Stephanie Lamouri is a French documentary filmmaker who works as an independent international writer, director and producer. She has filmed documentaries in Iraq, Africa, South America and Central America covering topics such as modern slavery and illegal immigration. She began her career working in Africa as a writer for GEO magazine.
Being Thunder will premiere in the US at the Framline Film Festival and will be available to stream from June 10 to 27.

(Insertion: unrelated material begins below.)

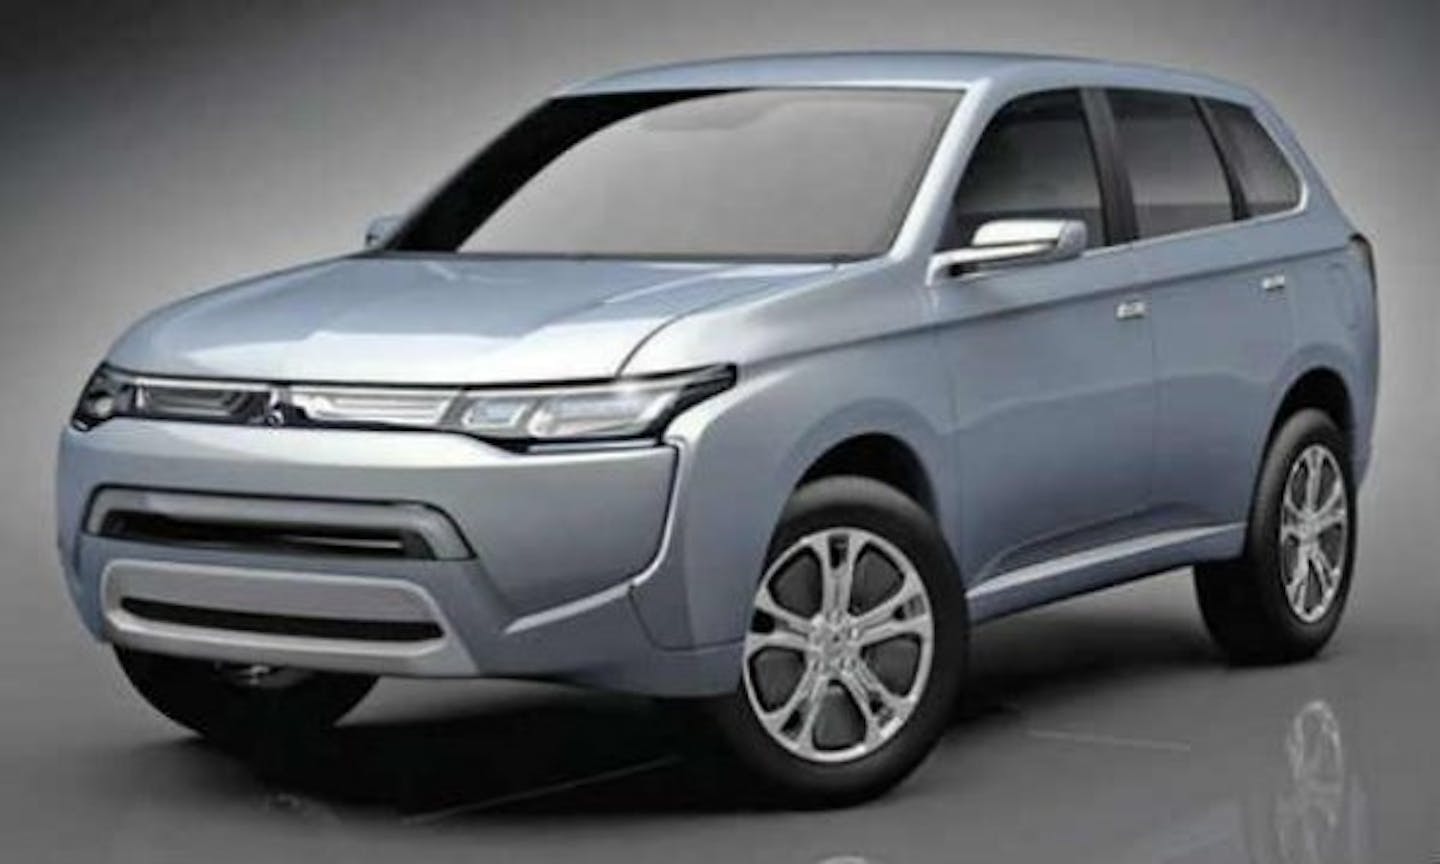 Electric Suv With 800km Range News Eco Business Asia Pacific

W&H: Describe the movie to us in your own words.
SL: This is a movie about unity, origins, love and identity. Through the story of one person, Chirinty, [a two-spirit genderqueer teenager from the Narragansett tribe in Rhode Island,] The film shows the consequences of colonialism on indigenous people and how gender stereotypes have been deeply skewed by colonialism and the white perspective.

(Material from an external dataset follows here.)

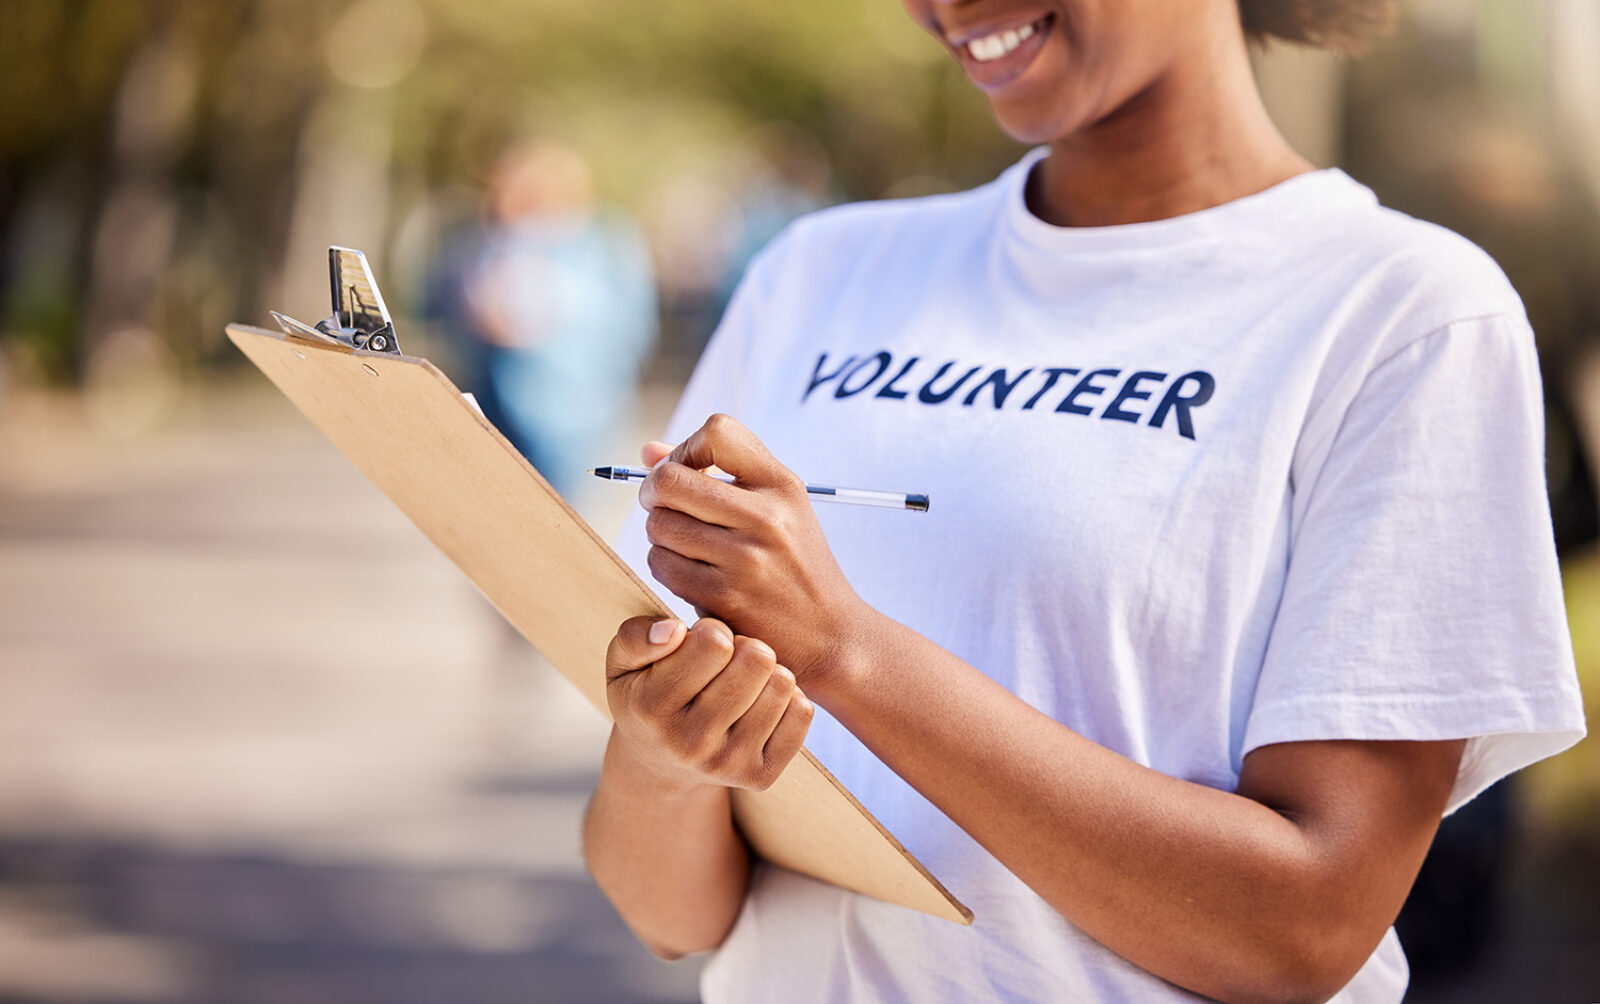 Volunteer to Represent Riverside at Community Events

W&H: What drew you to this story?
SL: I really wanted to make a documentary about a young Native American fighting for his community. I’m sick of the clichés, at least here in Europe, about Native Americans, who are always described as drug addicts, alcoholics, or depressed who do nothing. I first watched, completely at random online, a video of Shirente and Nikki singing along a lake. loved it. I wanted to know Chirenti. I sent a message to the Narragansett language page and was answered by Dawn, Sherenté’s grandmother.
W&H: What do you want people to think after watching the movie?

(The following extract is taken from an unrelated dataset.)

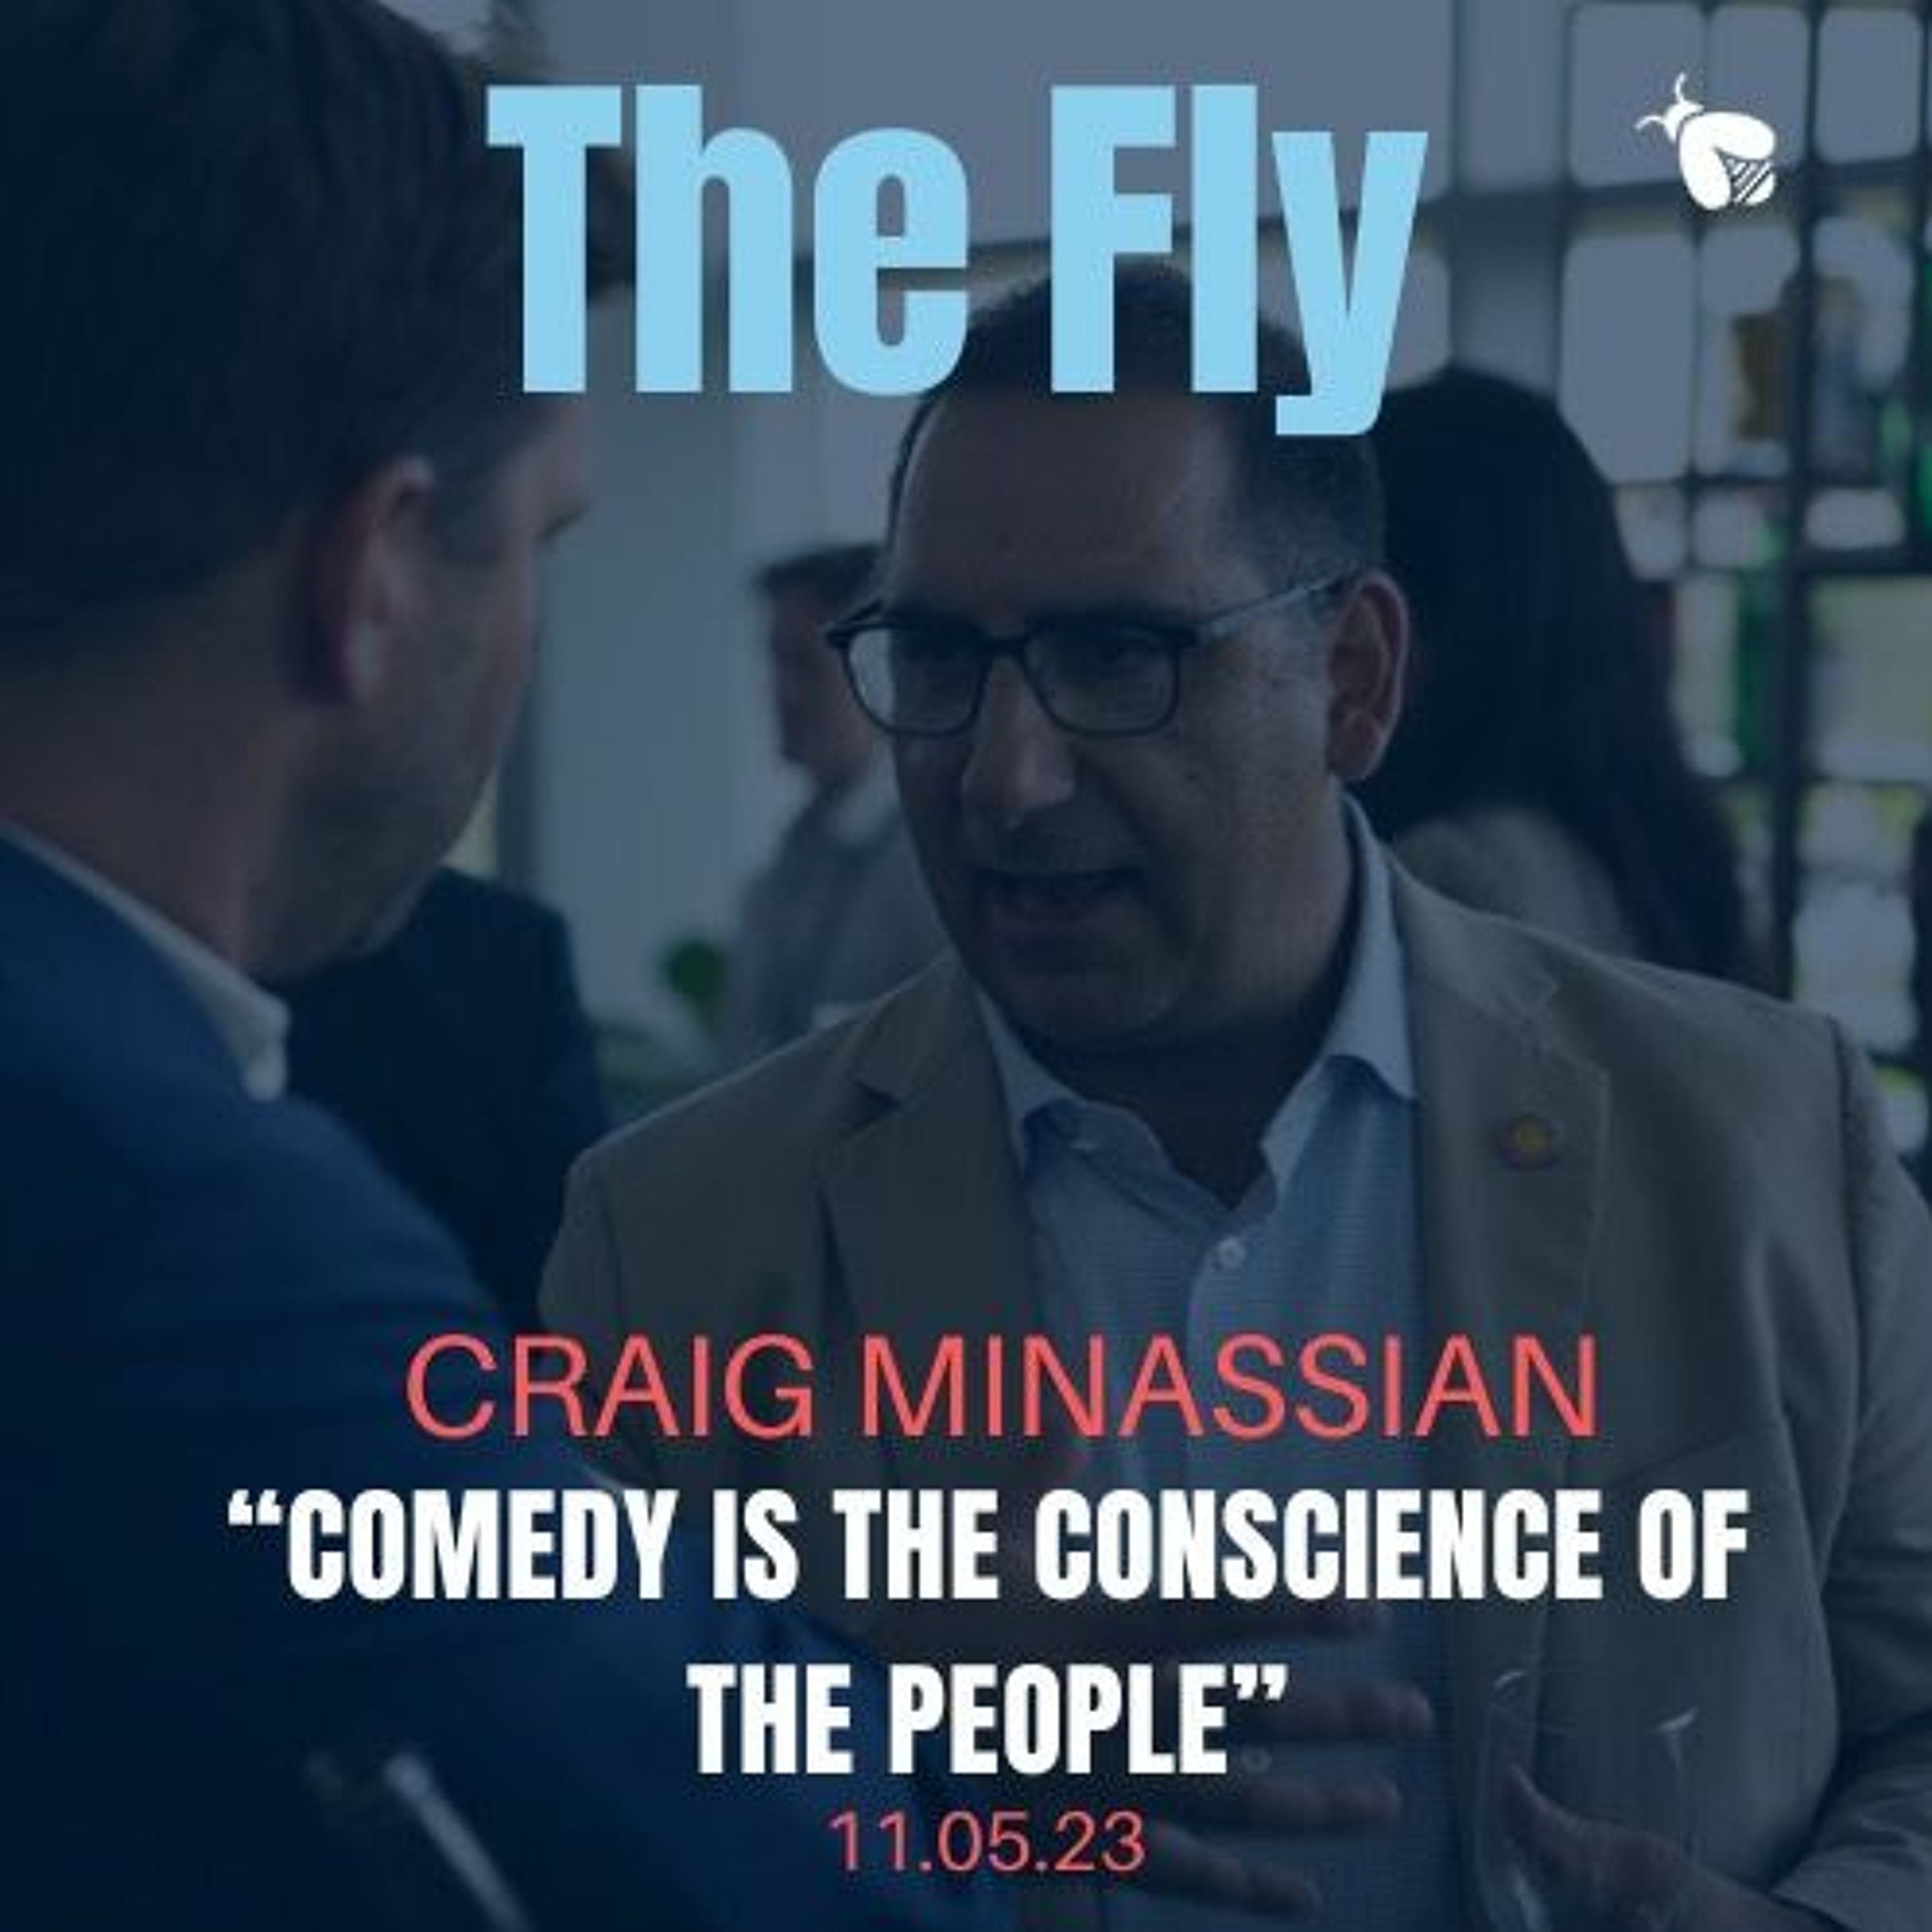 Craig Minassian, Consultant of The Daily Show: “Comedy is the conscience of the people”

SL: I hope they will be touched and affected by the story of Shiranti, which is a universal story of love and acceptance. I hope they understand how deep the desire to destroy and control the indigenous culture is, and how hard it is to survive and keep your roots alive against colonialism.
W&H: What is the biggest challenge in the film industry?
SL: Always the right distance. To be there, but not to be there much. It is very intimate to photograph people in their daily lives. They give you a lot. So, always respect this gift.
W&H: How did you get your film financed? Share some ideas of how the movie was made.
SL: First I got a CNC (Centre National du Cinéma) box to write, then another small CNC production box again. I worked for months with these two funds and used my own money.
When filming ended, I made a trailer and showed it on Arte channel. They finally bought it and offered money, through a producer, to do the editing and make the movie.
W&H: What inspired you to become a director?
SL: My love for life. I love watching, listening, sharing with people, understanding their issues, and their cultures. As a teenager, I loved taking pictures and loved recording the voices of people speaking. There was no internet at the time – I was born in 1968. So when I first got a video camera, it was obvious that it would be the way to express myself and express my view of the world.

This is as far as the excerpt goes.